• _Data provided_:
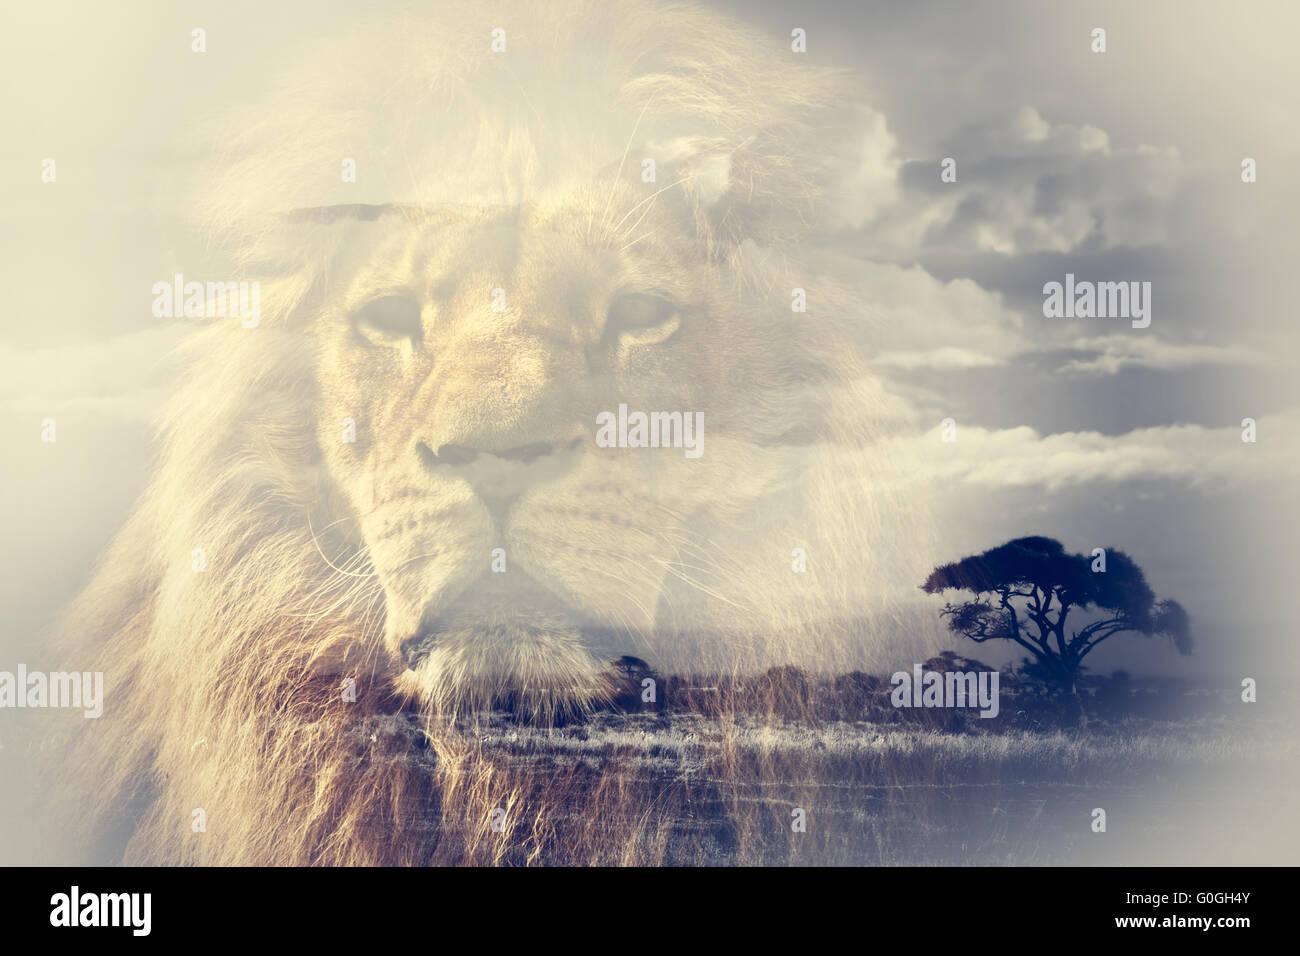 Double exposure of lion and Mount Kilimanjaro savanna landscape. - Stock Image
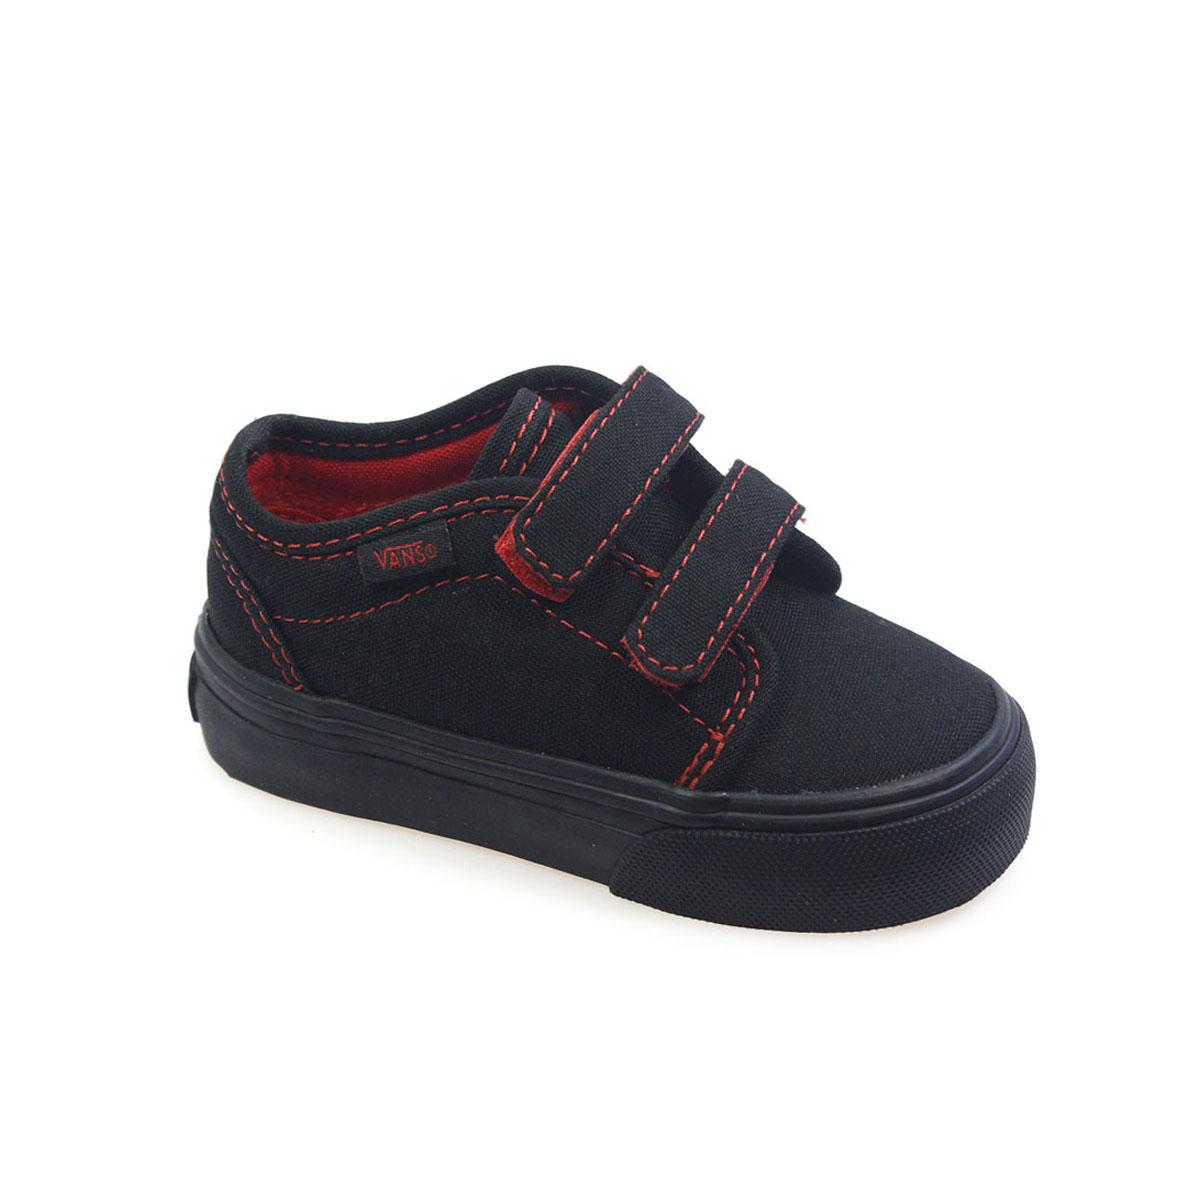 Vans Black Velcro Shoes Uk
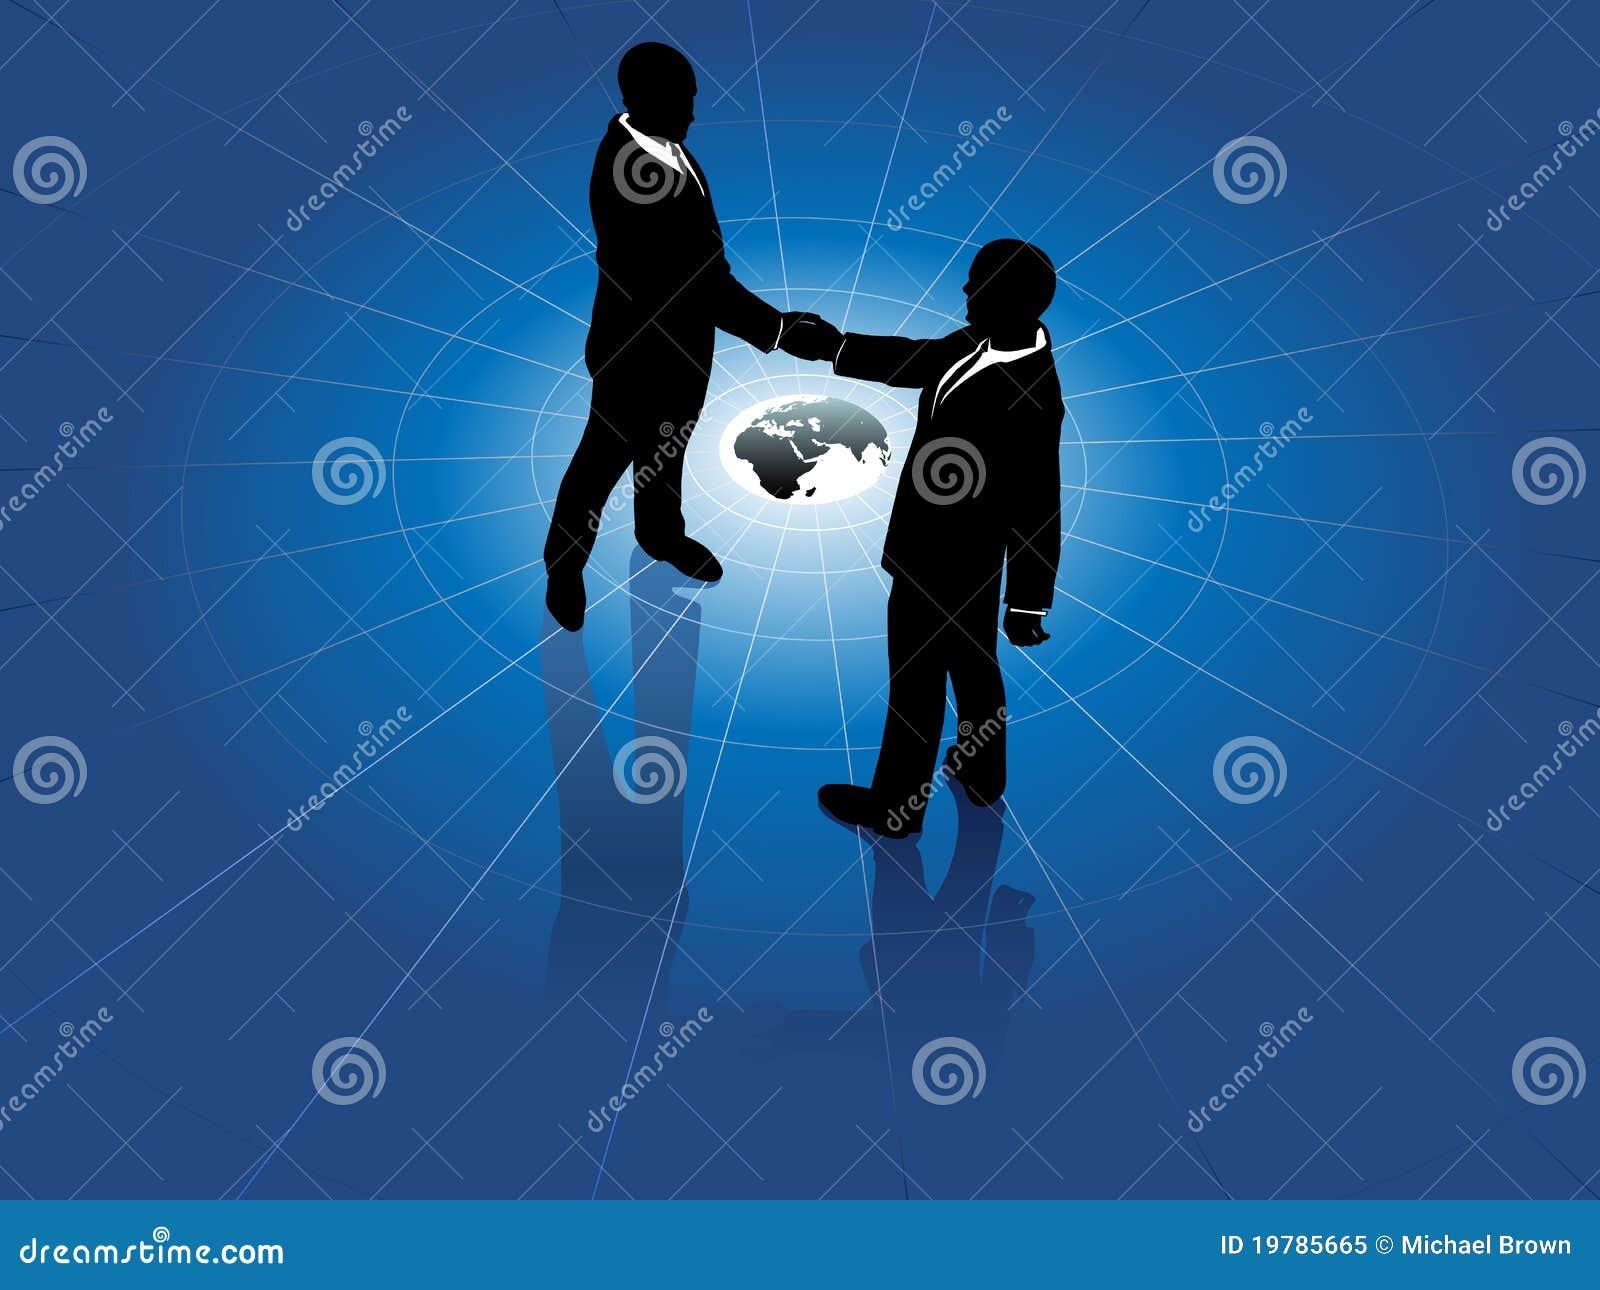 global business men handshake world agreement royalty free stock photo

• _Task goal_: Word for word, repeat the lines of data above, omitting every picture.

• _Worked solution_:
 Double exposure of lion and Mount Kilimanjaro savanna landscape. - Stock Image
 Vans Black Velcro Shoes Uk
 global business men handshake world agreement royalty free stock photo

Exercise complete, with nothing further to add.